The Common-Enterprise Theory

Second, the district court denied a separate motion in which various corporations within the Wyndham family had sought dismissal of the action because the complaint addressed only the alleged conduct of a distinct Wyndham corporate entity. While this opinion is not the subject of the interlocutory appeal, it nonetheless has very significant implications for data security practices and other matters the FTC seeks to regulate through enforcement.

It is a bedrock principle that a parent corporation is not liable for the acts of its subsidiaries. The law recognizes only very limited exceptions to this rule. Indeed, as countless courts have explained—including the US Supreme Court in United States v. Bestfoods—the "corporate veil" generally will be pierced only when "the corporate form would otherwise be misused to accomplish certain wrongful purposes, most notably fraud, on the shareholder's behalf." That rule has particular force when, as in Bestfoods, Congress has not spoken to the contrary: courts should not assume that "the entire corpus of state corporation law is to be replaced simply because a plaintiff's cause of action is based upon a federal statute."

To escape this general rule, the FTC invoked the "common enterprise" doctrine, which has been "developed" (according to the FTC) in FTC enforcement actions and is largely based in pre-Bestfoods case law and a scattershot of federal district court opinions.
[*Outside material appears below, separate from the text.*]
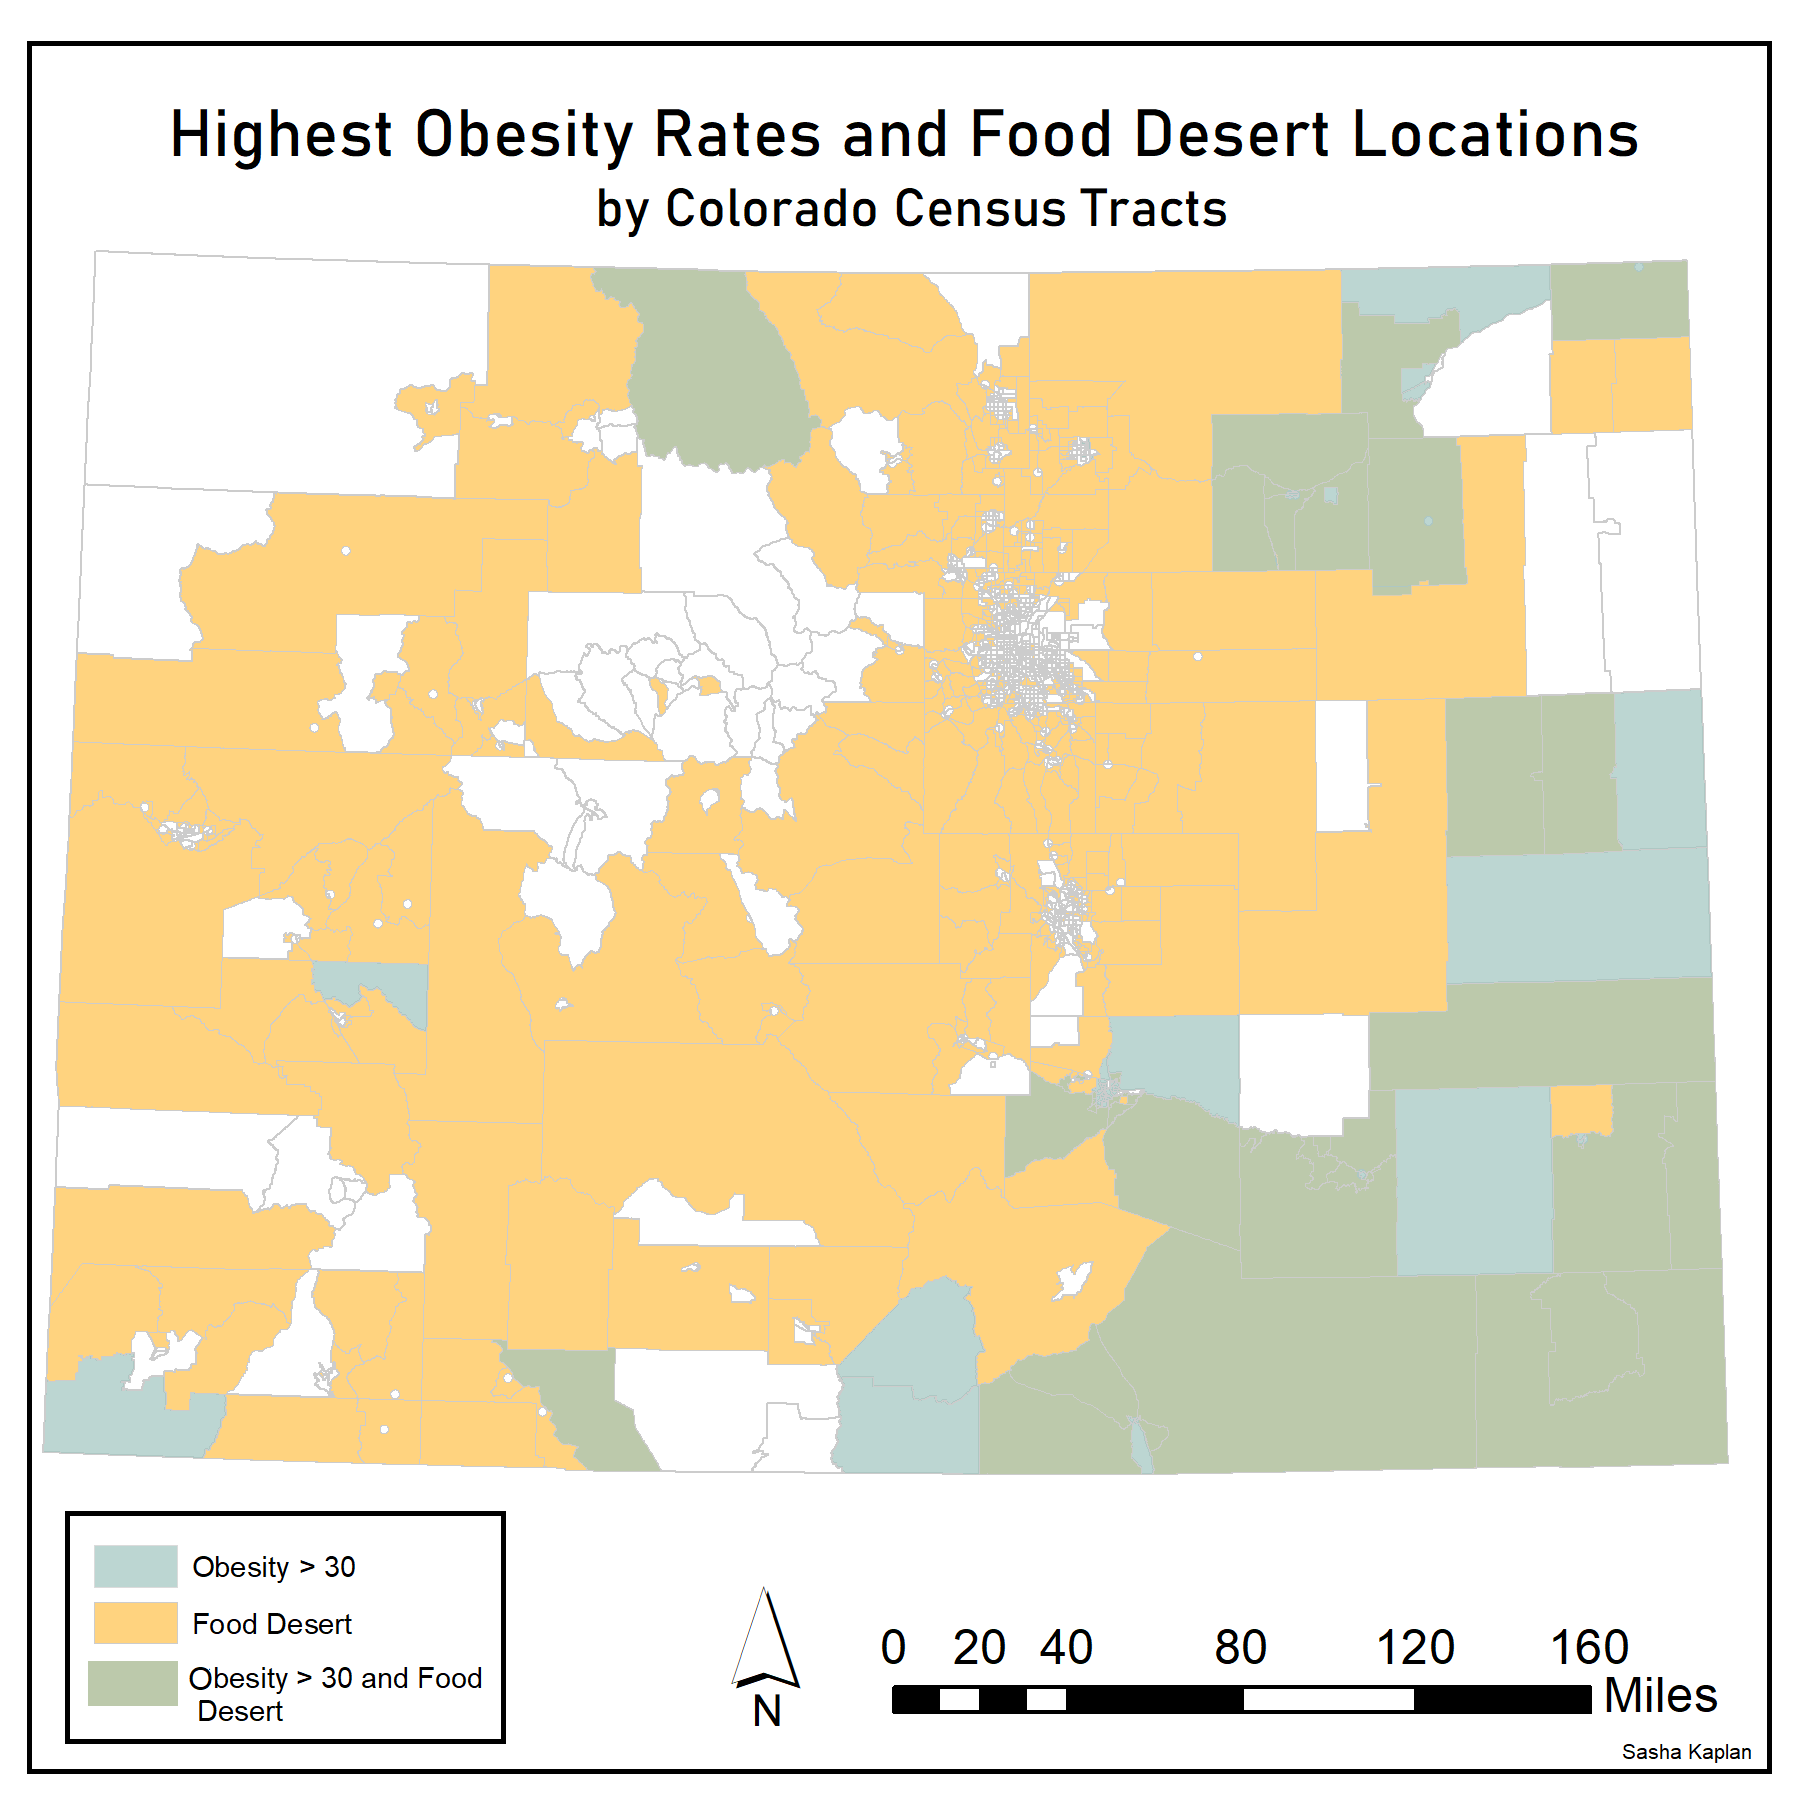 Colorado Food Deserts and Obesity
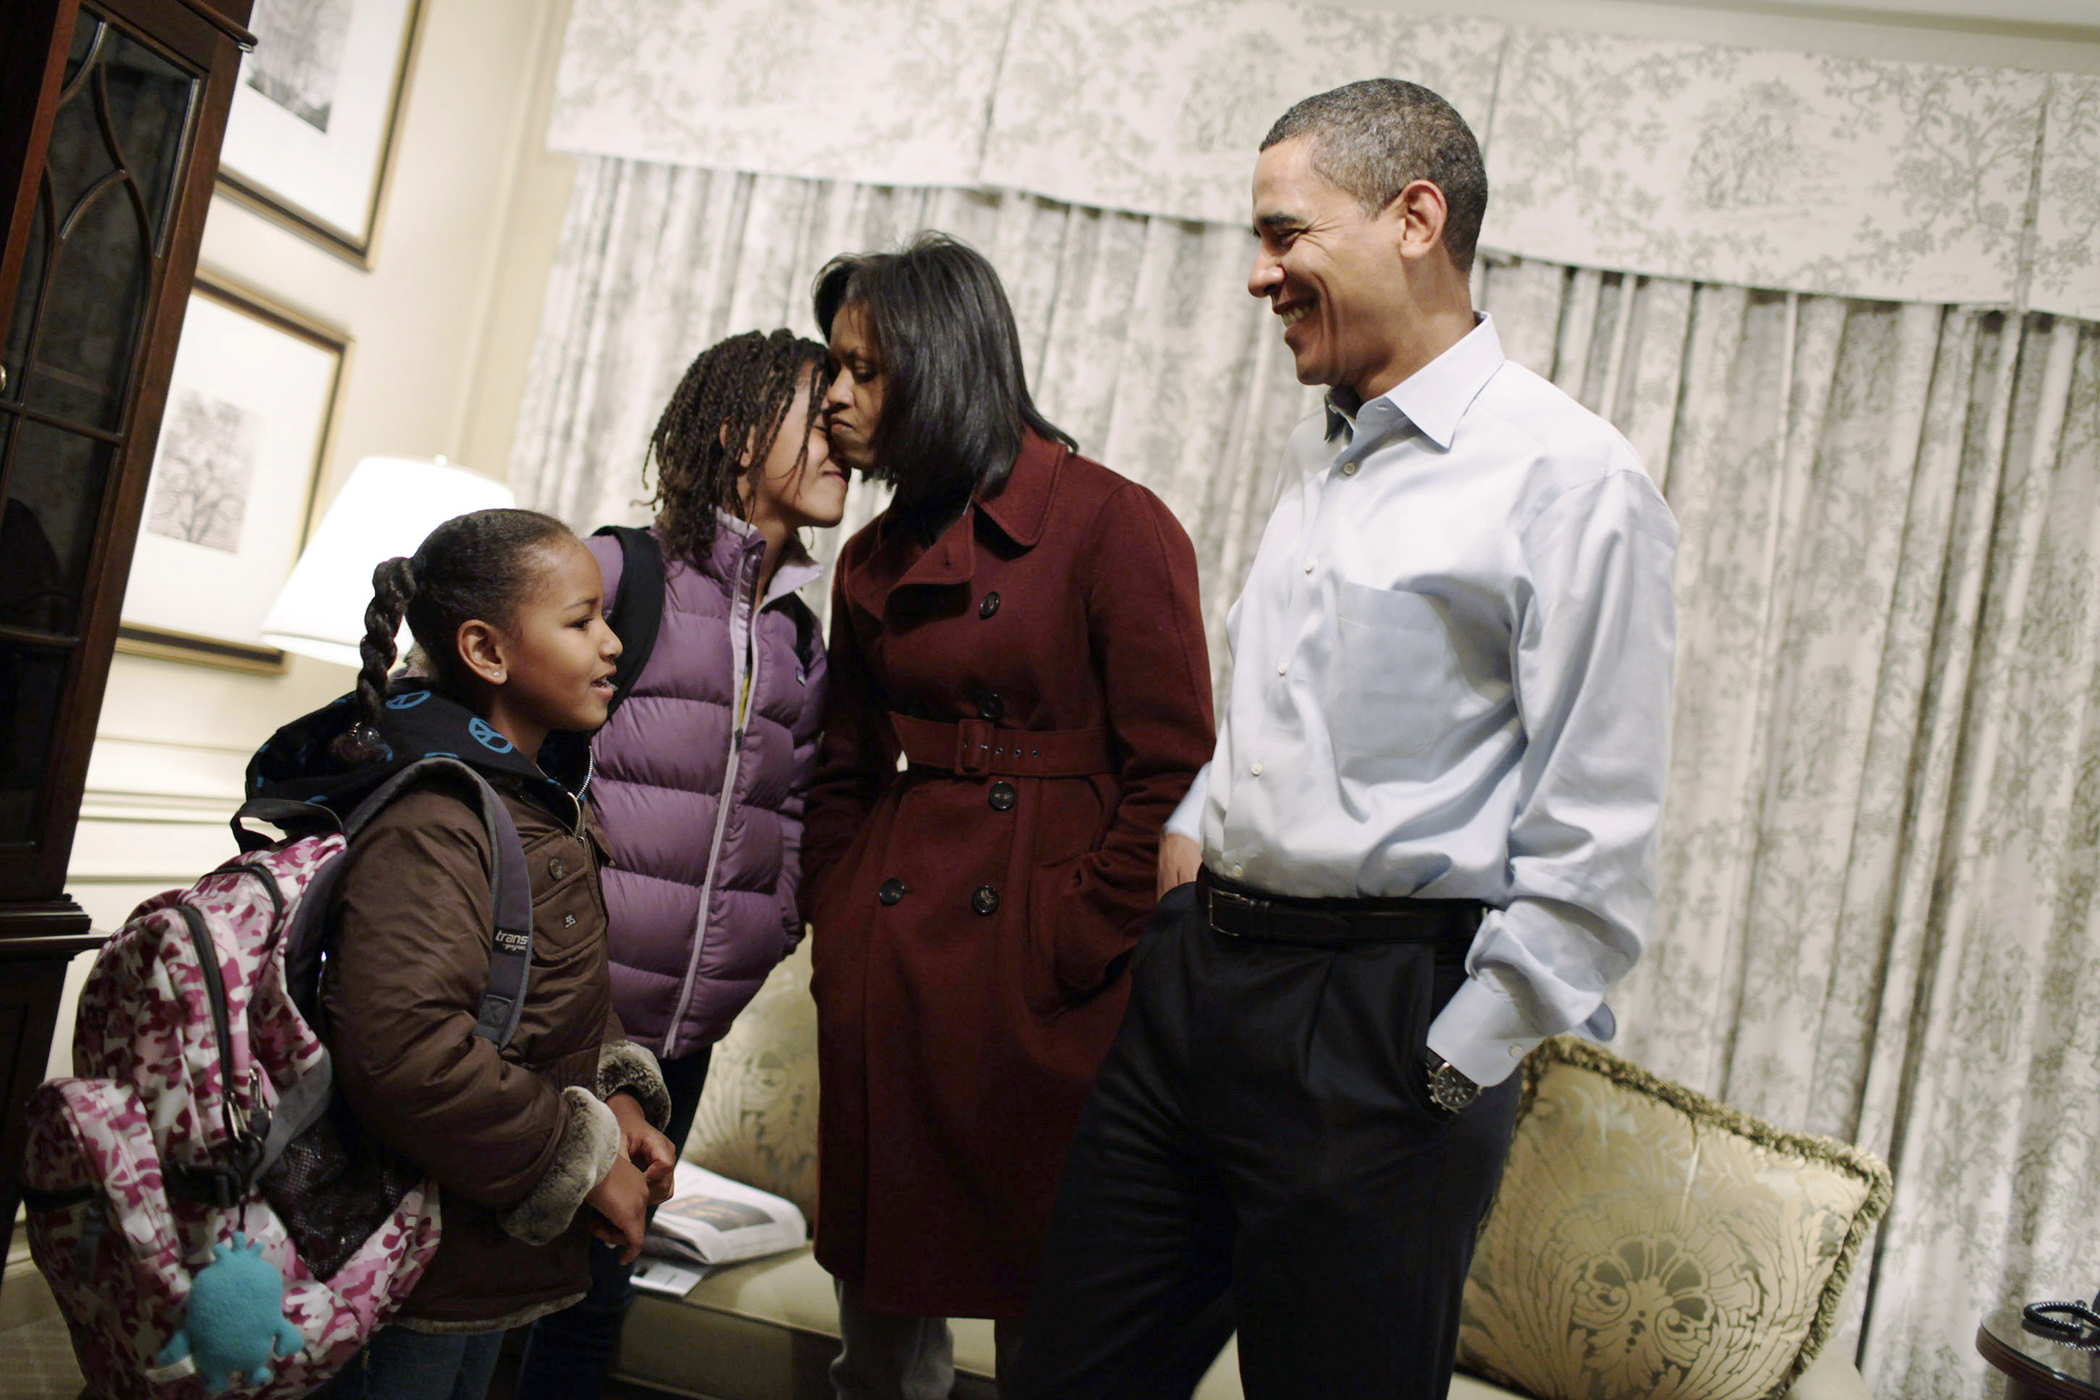 U.S. President elect Barack Obama and Michelle Obama get their daughters Sasha (L) and Malia (second from left) ready for their first day of school at Sidwell Friends in Washington January 5, 2009. The Obama family is staying at the Hay Adams Hotel in Washington until they move to Blair House, and then to the White House on January 20, 2009.

This doctrine can be understood in one of two ways: (i) as a gloss on the FTC Act that replaces the veil-piercing test under state corporate law—and thus, in our view, conflicts with Bestfoods—or (ii) as a test for evaluating whether the parent company itself directly participated in the alleged misconduct and thus is subject to liability independent of any veil piercing—a theory that is arguably consistent with Bestfoods, but would impose a standard that is very difficult for the plaintiff to meet.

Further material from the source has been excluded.